### Supplied data
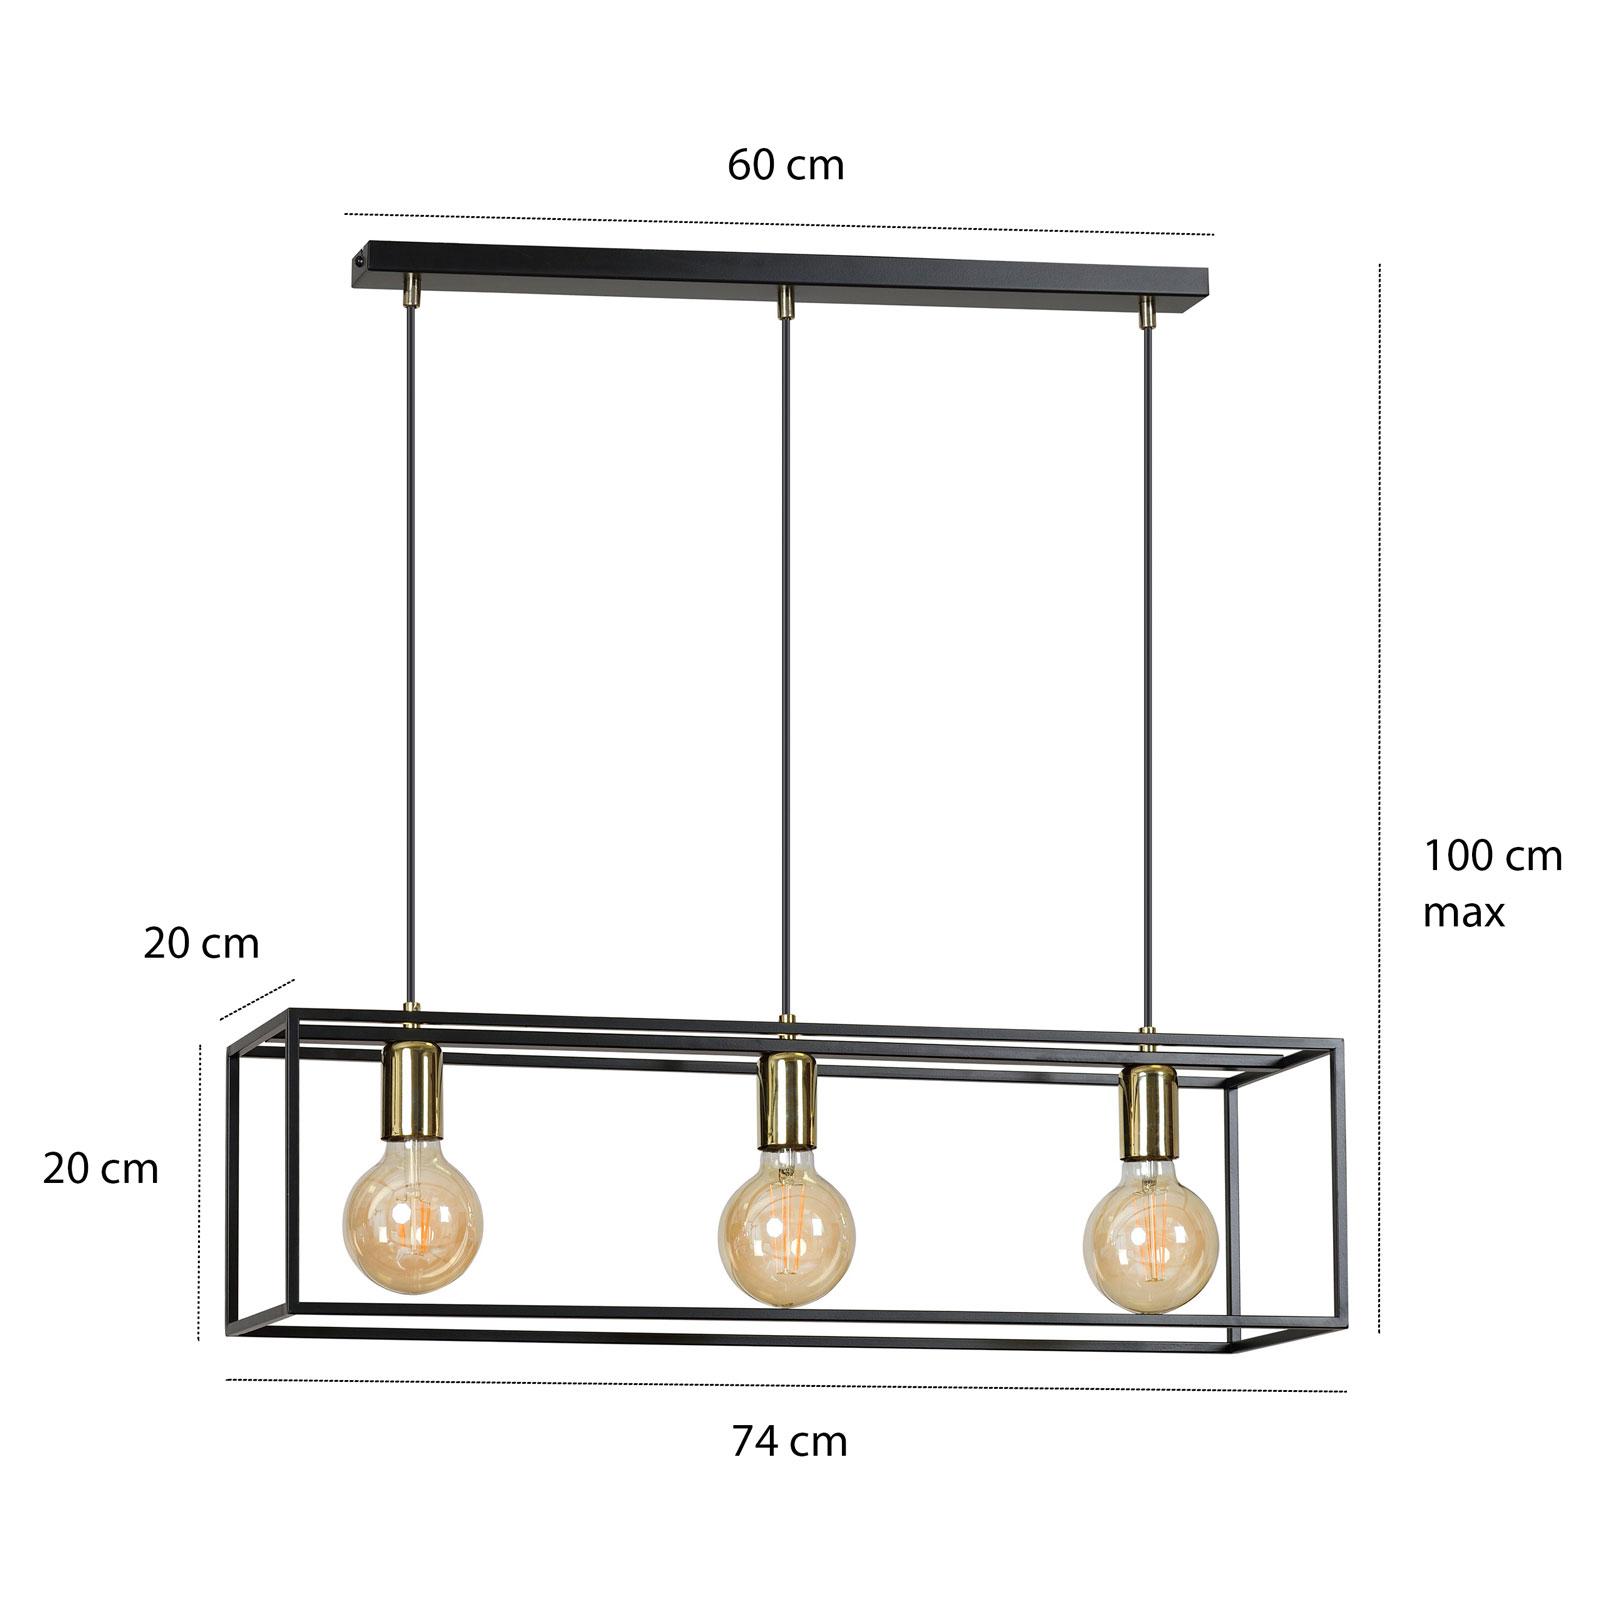 Hanglamp Karmen 3, 3-lamps, zwart
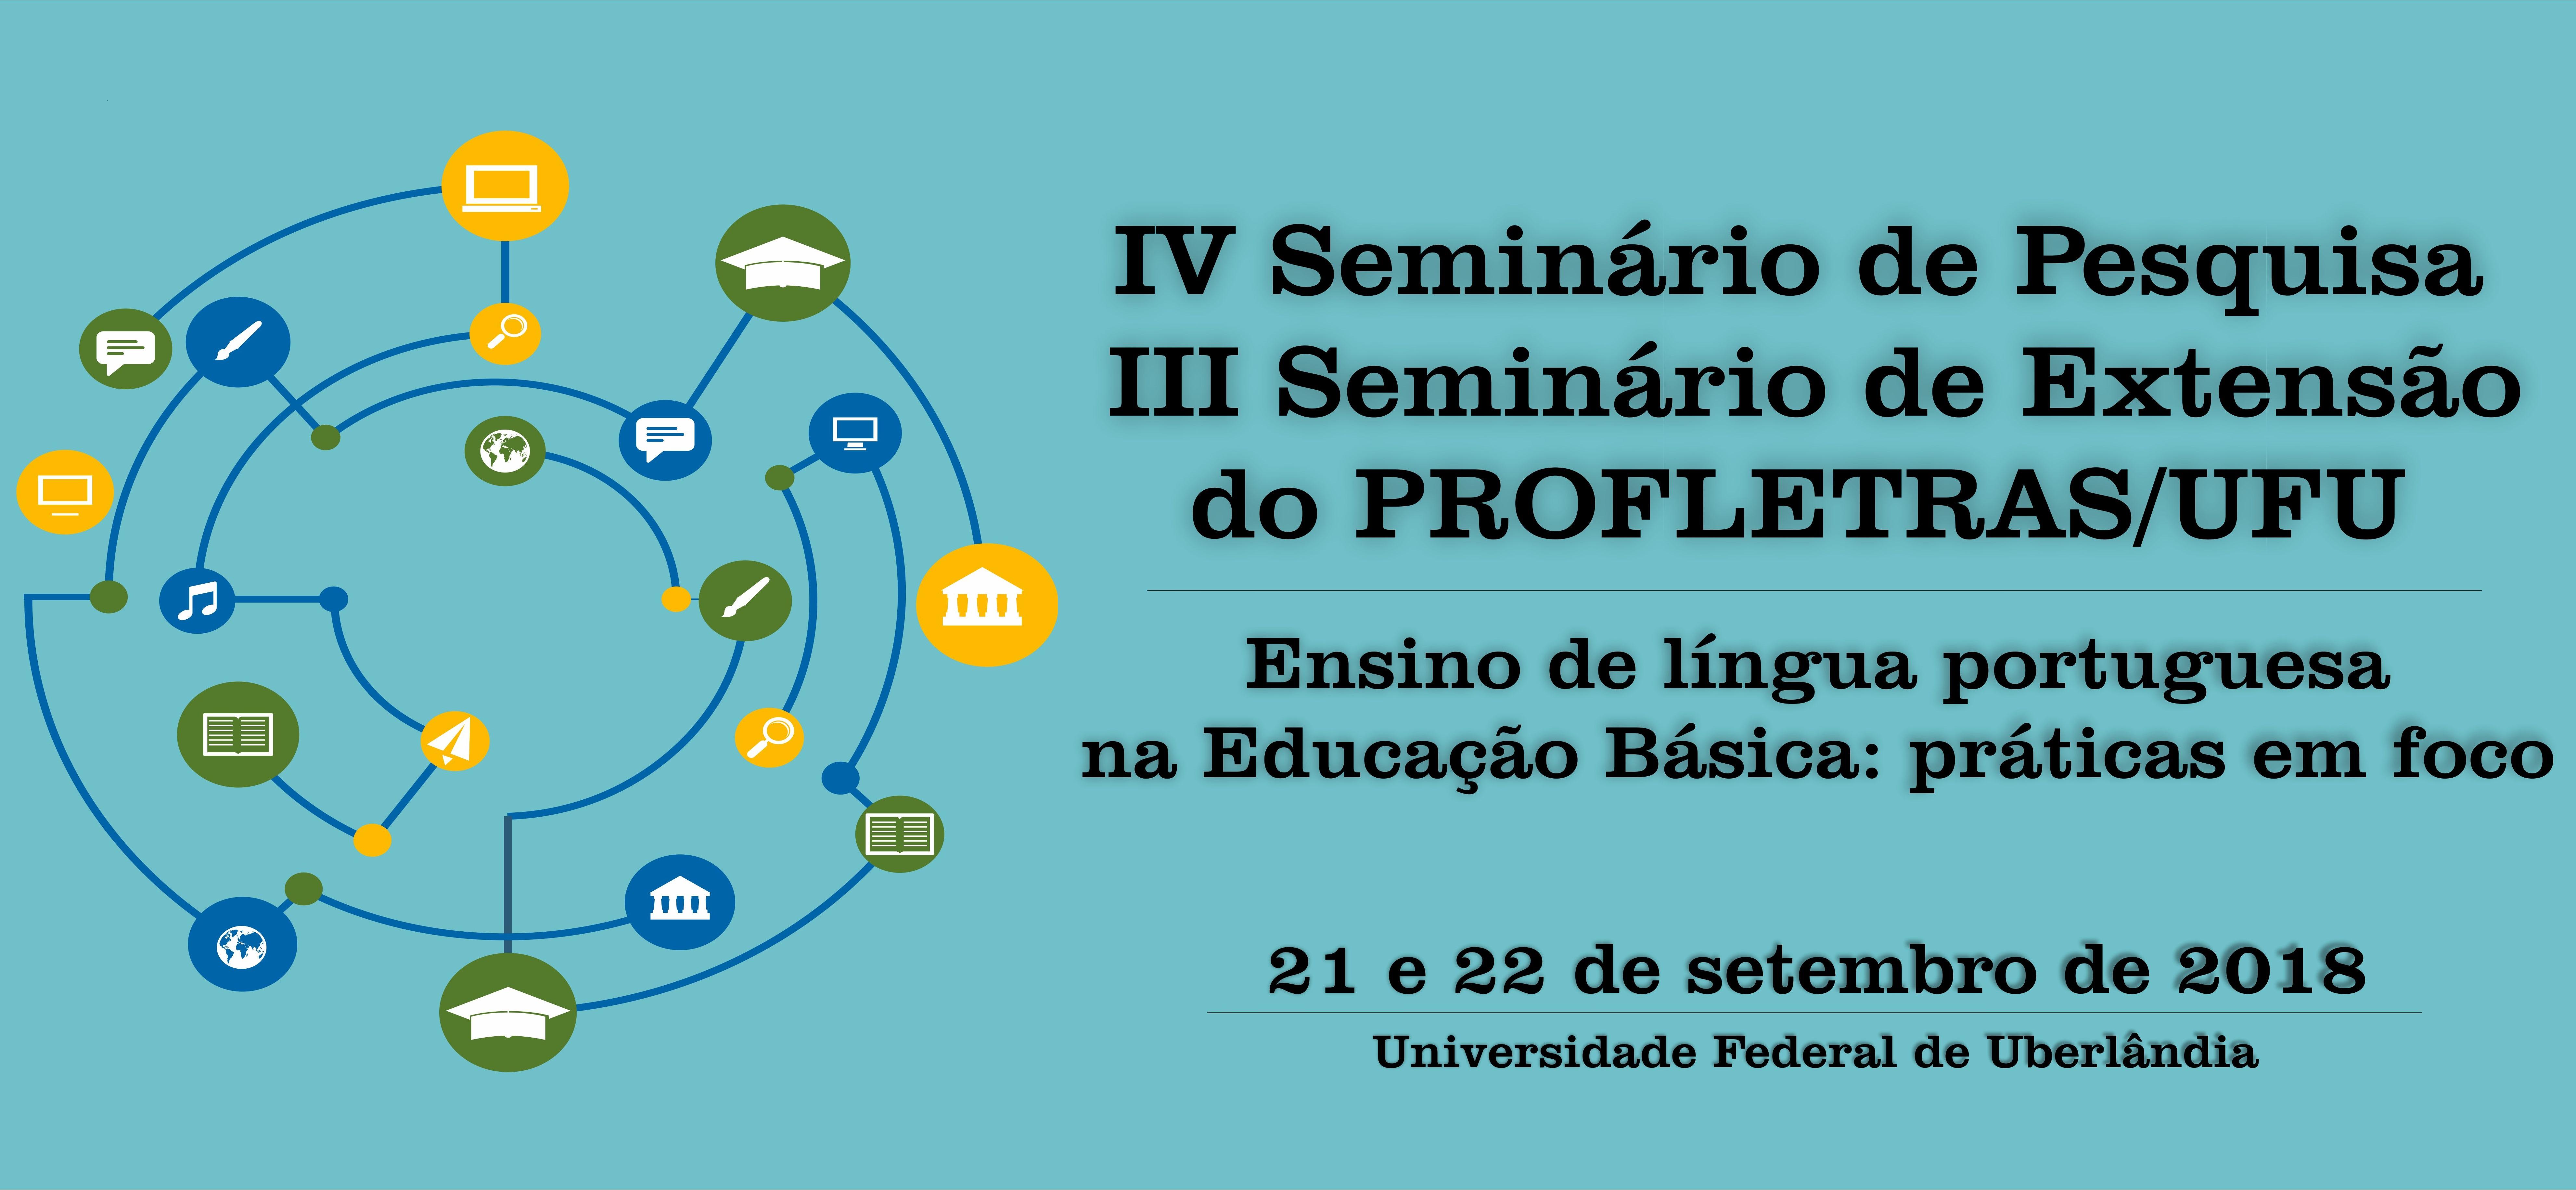 IV Seminário de Pesquisa e III Seminário de Extensão do PROFLETRAS/UFU – dias 21 e 22 de setembro de 2018
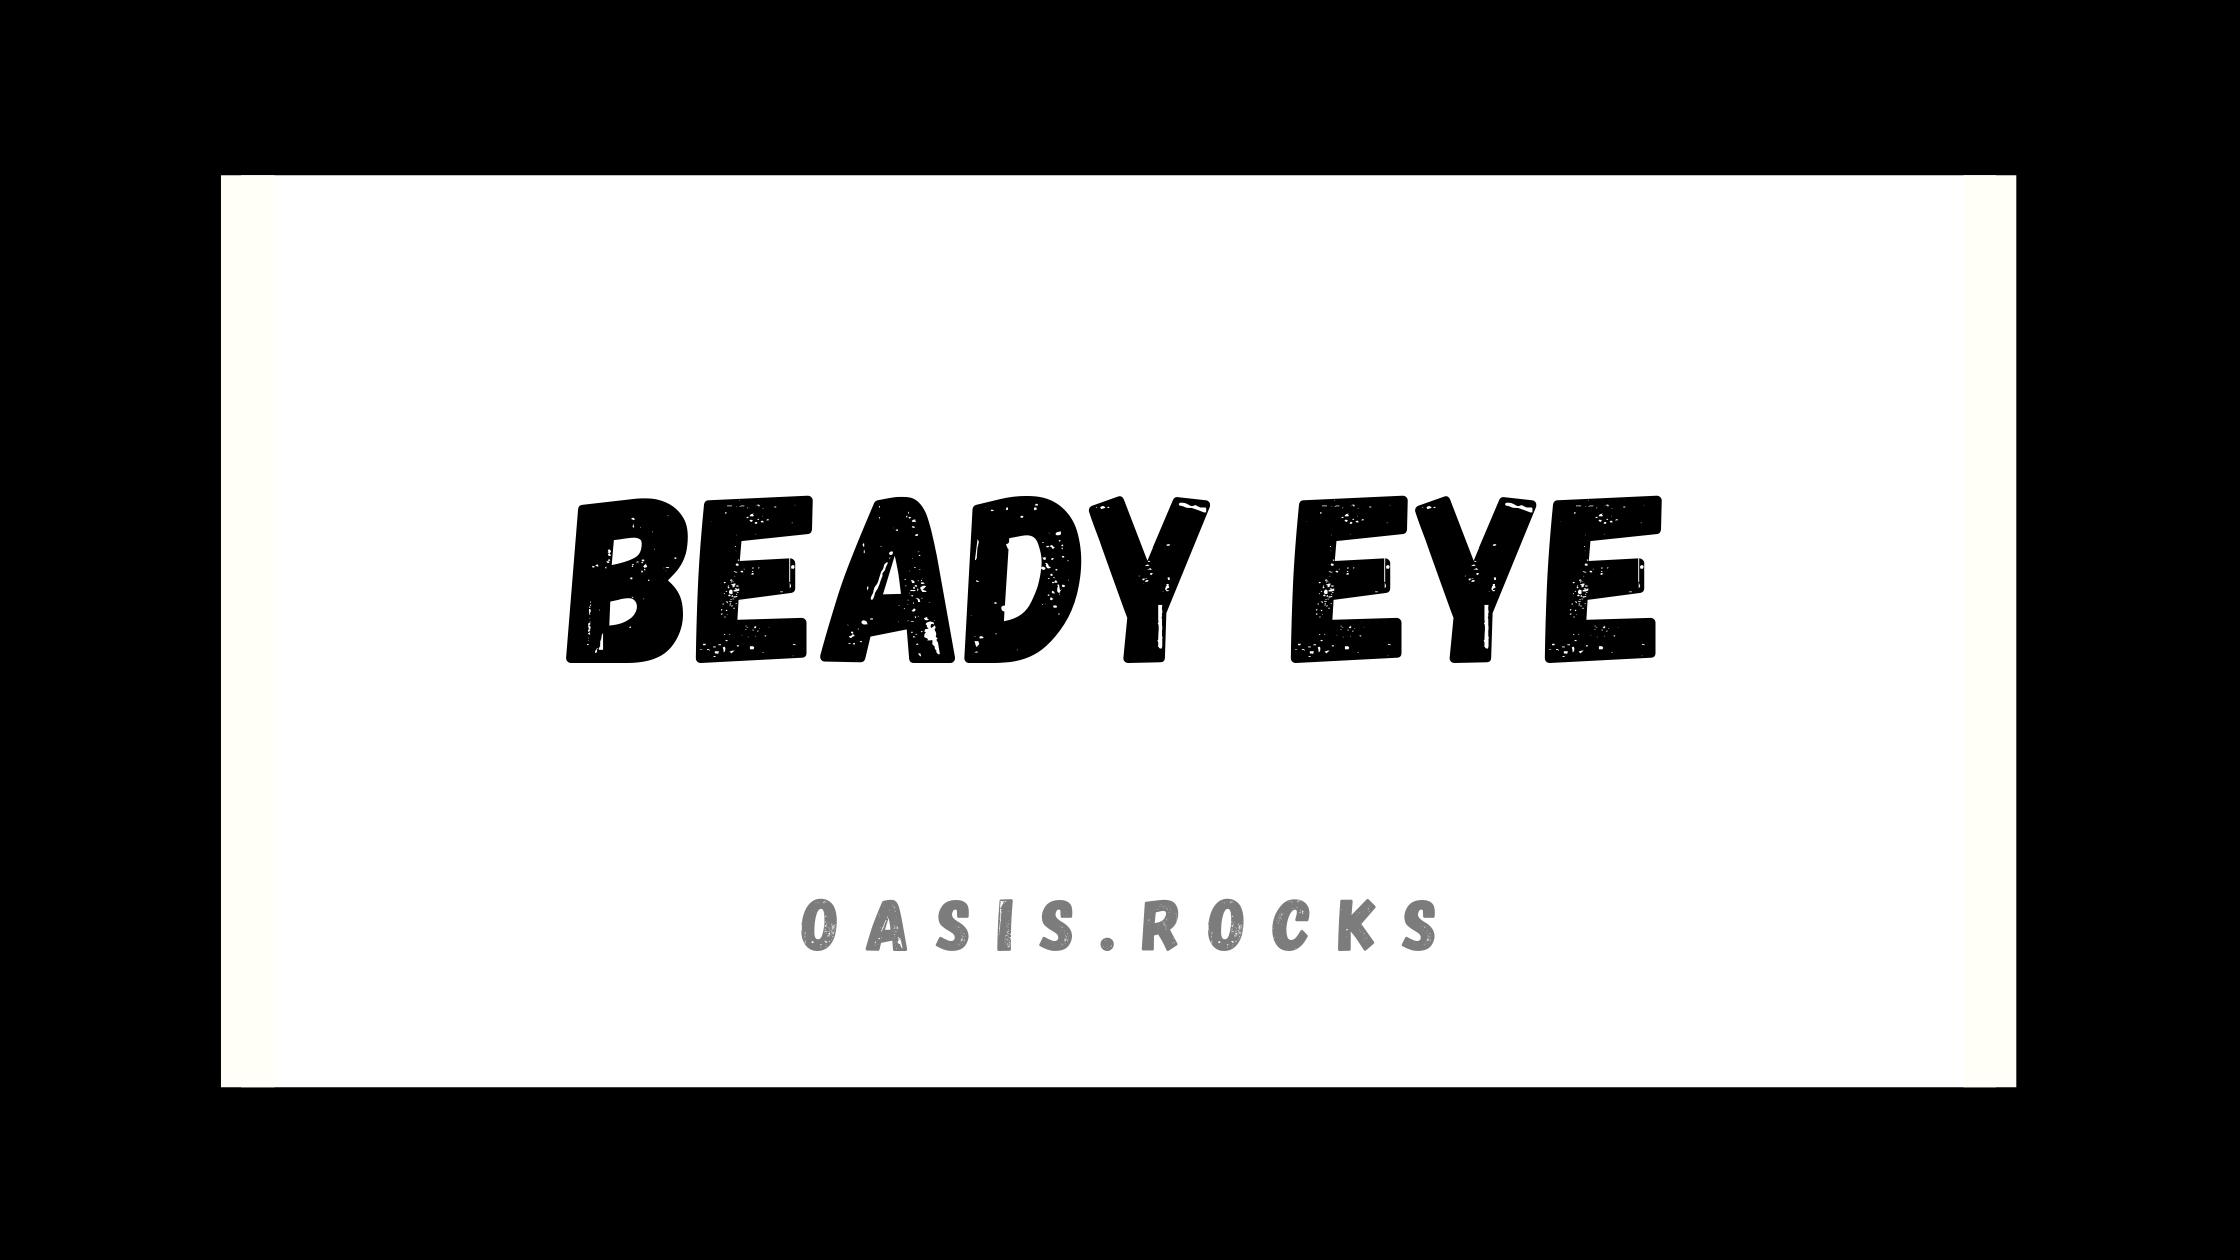 Nach dem Oasis-Aus gründete Liam Gallagher Beady Eye, doch die Band überdauerte nicht lange.

### Your task
Reproduce every line of the material precisely, omitting its pictures.

### Task result
 Hanglamp Karmen 3, 3-lamps, zwart
 IV Seminário de Pesquisa e III Seminário de Extensão do PROFLETRAS/UFU – dias 21 e 22 de setembro de 2018
 Nach dem Oasis-Aus gründete Liam Gallagher Beady Eye, doch die Band überdauerte nicht lange.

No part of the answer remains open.